Quantcast

North Shore Towers gets high-tech security demo

By Kathianne Boniello

Officials of Queens Borough Patrol North and South joined private security officers at a presentation Friday morning at the North Shore Towers apartment complex in Glen Oaks to introduce the latest in digital surveillance techniques to reduce crime.

About 100 people turned out for the annual Area Private Patrol Liaison, or A.P.P.L. meeting, which gave the makers of PCcam a chance to demonstrate their digital recording system.

Sgt. Gregg Reutter of Queens Borough Patrol North, which sponsored the meeting, told the audience the new technology “will simplify what you do out there.”

Timothy Irwin, president of the Illinois-based PCcam, said the system, which relies on a computer chip to record data digitally instead of on the traditional video tape, is compatible with any camera or security surveillance system.

“If you have a computer and you have a camera, you can get into this system for $1,500,” he said.

Police Chief James Tuller of Borough Patrol North said crime in the borough's northern precincts had dropped by 62 percent in the past seven years and Borough Patrol North was interested in anything which would help it decline further.

Police Chief Joseph Fox of Borough Patrol South also expressed interest in the new technology and its role in further reducing crime.

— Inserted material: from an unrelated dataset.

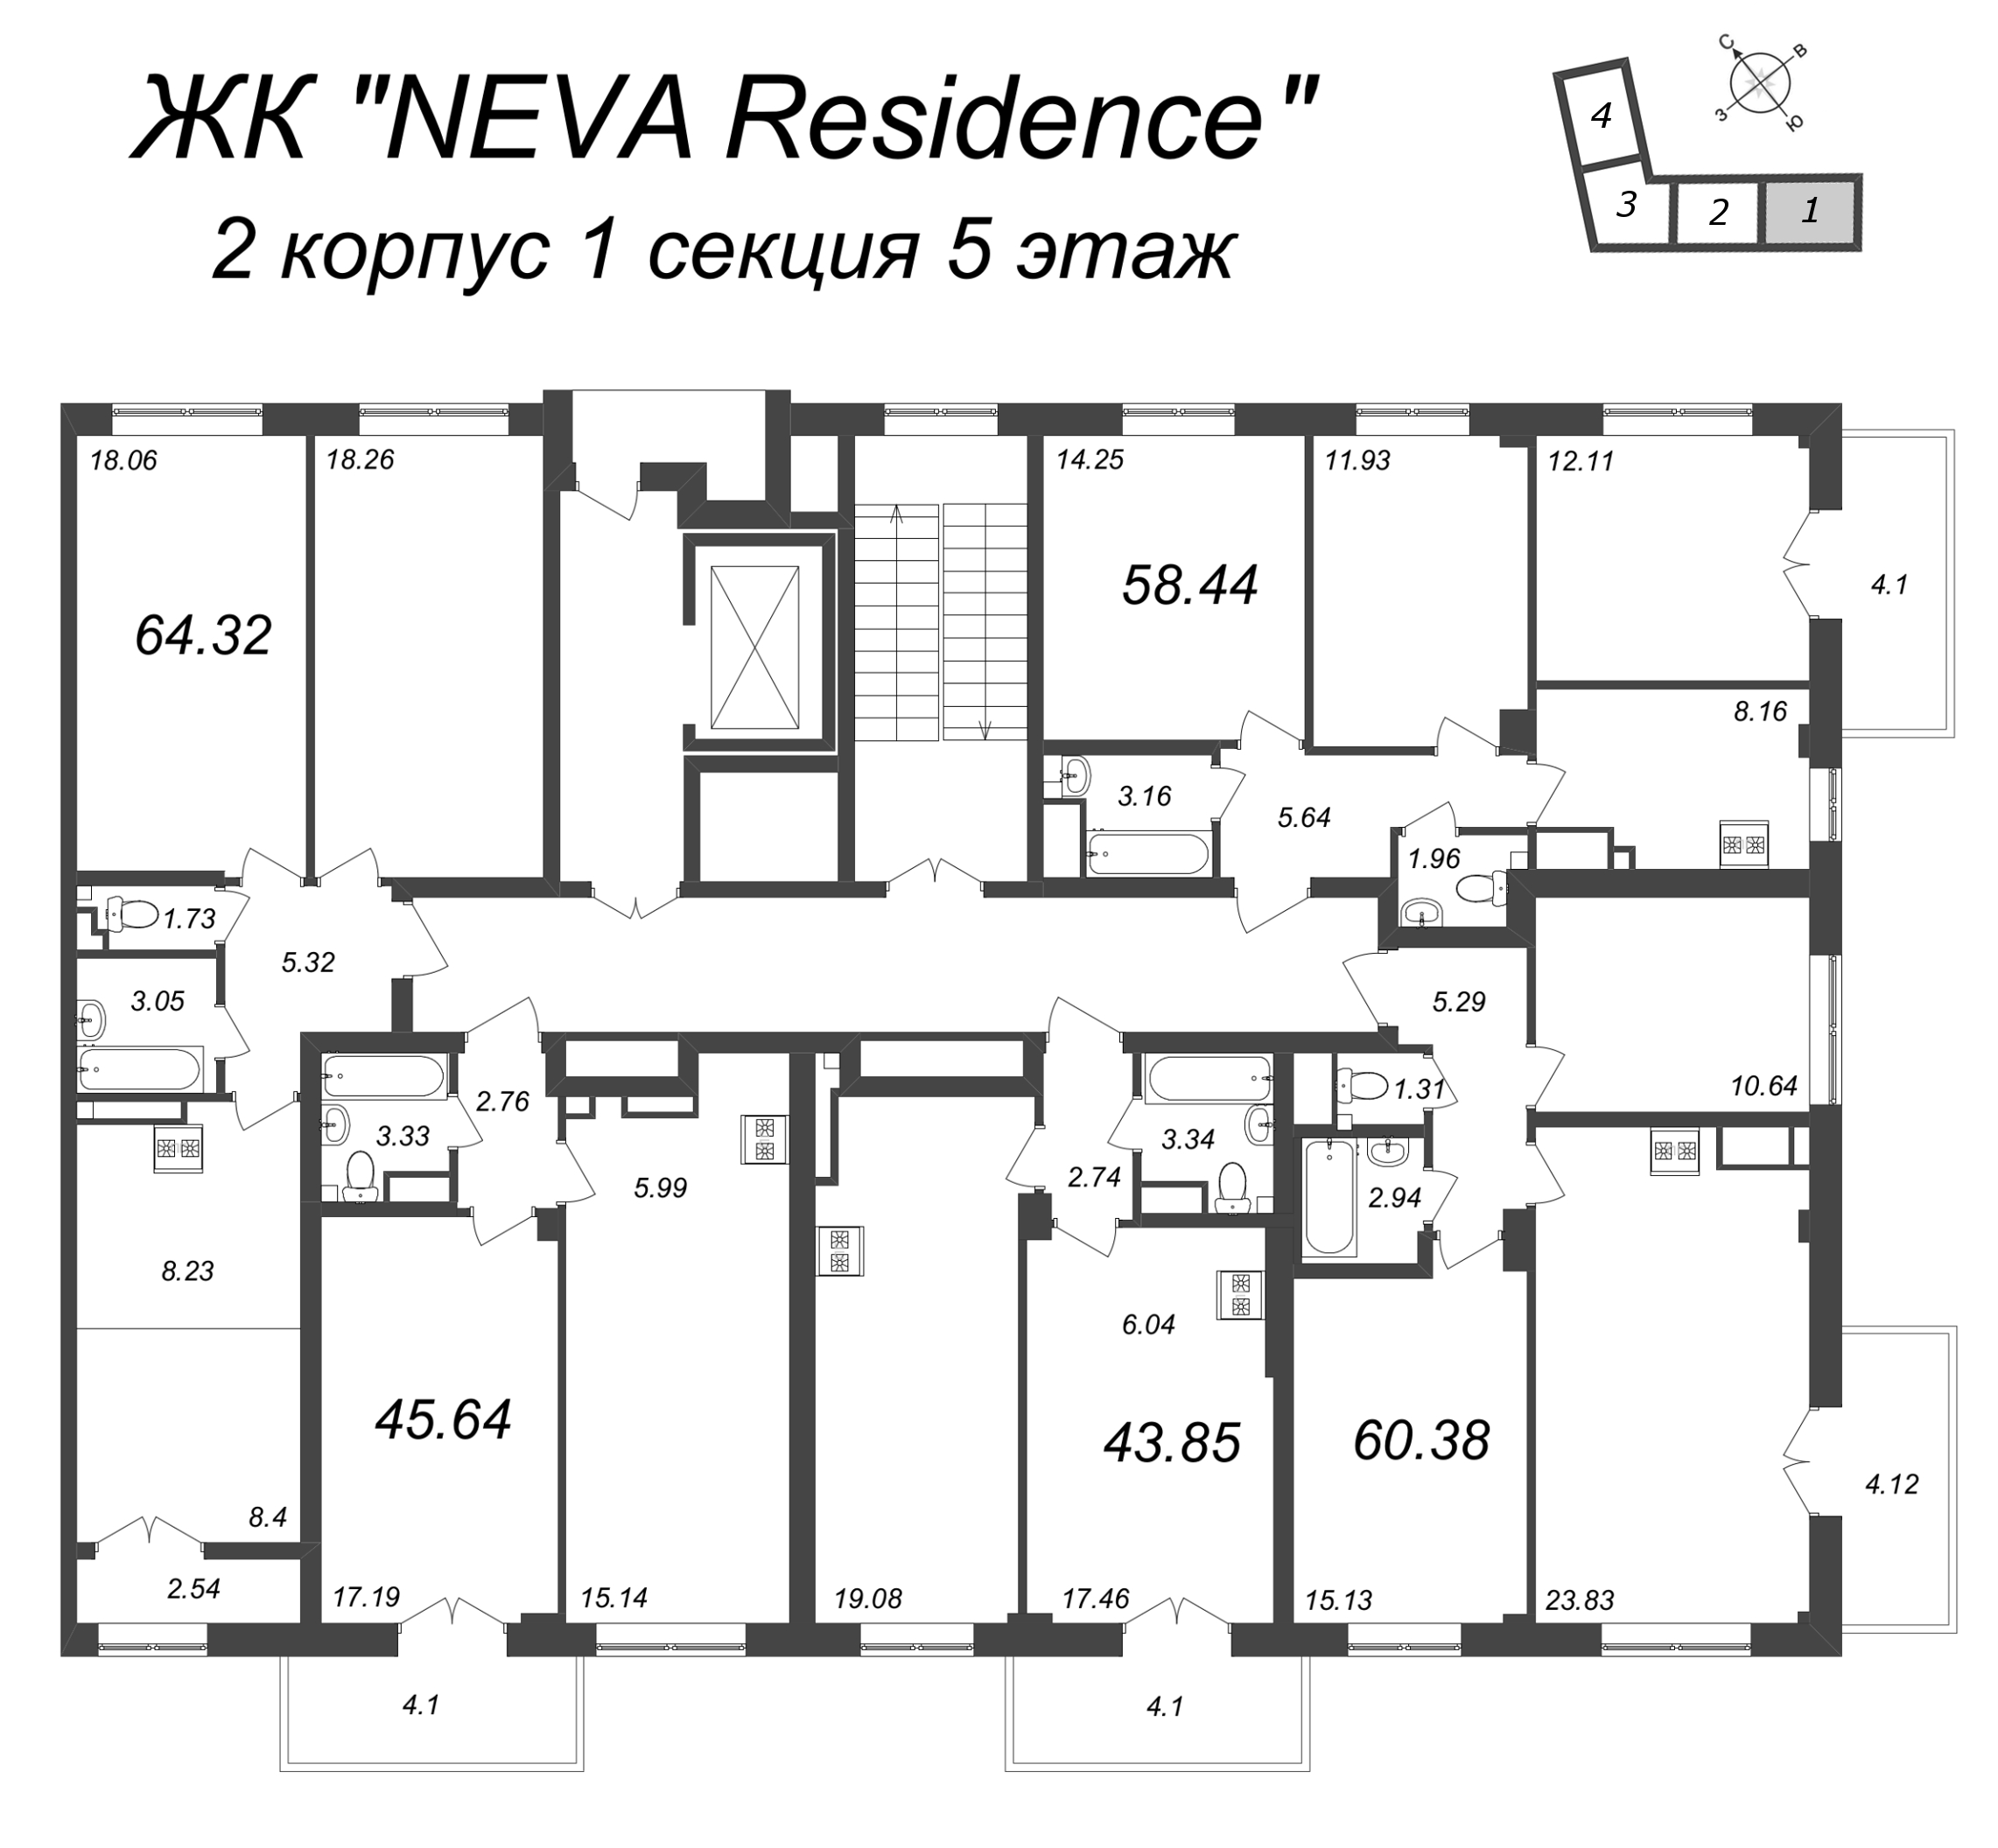 2-комнатная (Евро) квартира, 45.64 м² в ЖК "Neva Residence" - планировка этажа

“It's amazing how driven we are by measuring success on a daily basis,” he said.

Queens Borough Patrol North includes the 104th, 108th, 109th, 110th, 111th, 112th, 114th and 115th police precincts under its jurisdiction. Queens Borough Patrol South covers the 100th, 101st, 102nd, 103rd, 105th, 106th, 107th and 113th precincts.

The system, Irwin said, would eliminate using video tapes and VCRs in security-monitoring systems and would allow the user to store months of information on a floppy disk.

The digital recording system, which the company is shopping around to municipalities, schools, hospitals, small businesses and apartment complexes, lets the user recall information by date and minute, and can be tailored to a user's specific needs, Irwin said.

Jim Talbot, chief executive officer of PCcam, said the digital recording system “doesn't record when there's no motion.”

For example, he said, if a camera connected to the system were trained on a security door, the camera would only record if the door were opened or if someone came into its range. That way there would not be empty images “chewing up your resources,” he said.

The system could also portion off a part of the image and ring an alarm if the motion detector were triggered in that area, he said.

“It's much more than a surveillance system,” Talbot said. “It's crime prevention.”

Reutter said the existence of digital recording meant less dependence on traditional surveillance equipment.

“We don't have to rely on video tapes with bad clarity,” he said, “or tapes that haven't been changed on time.

“Queens North is entering the millennium with the highest technology out there,” he said.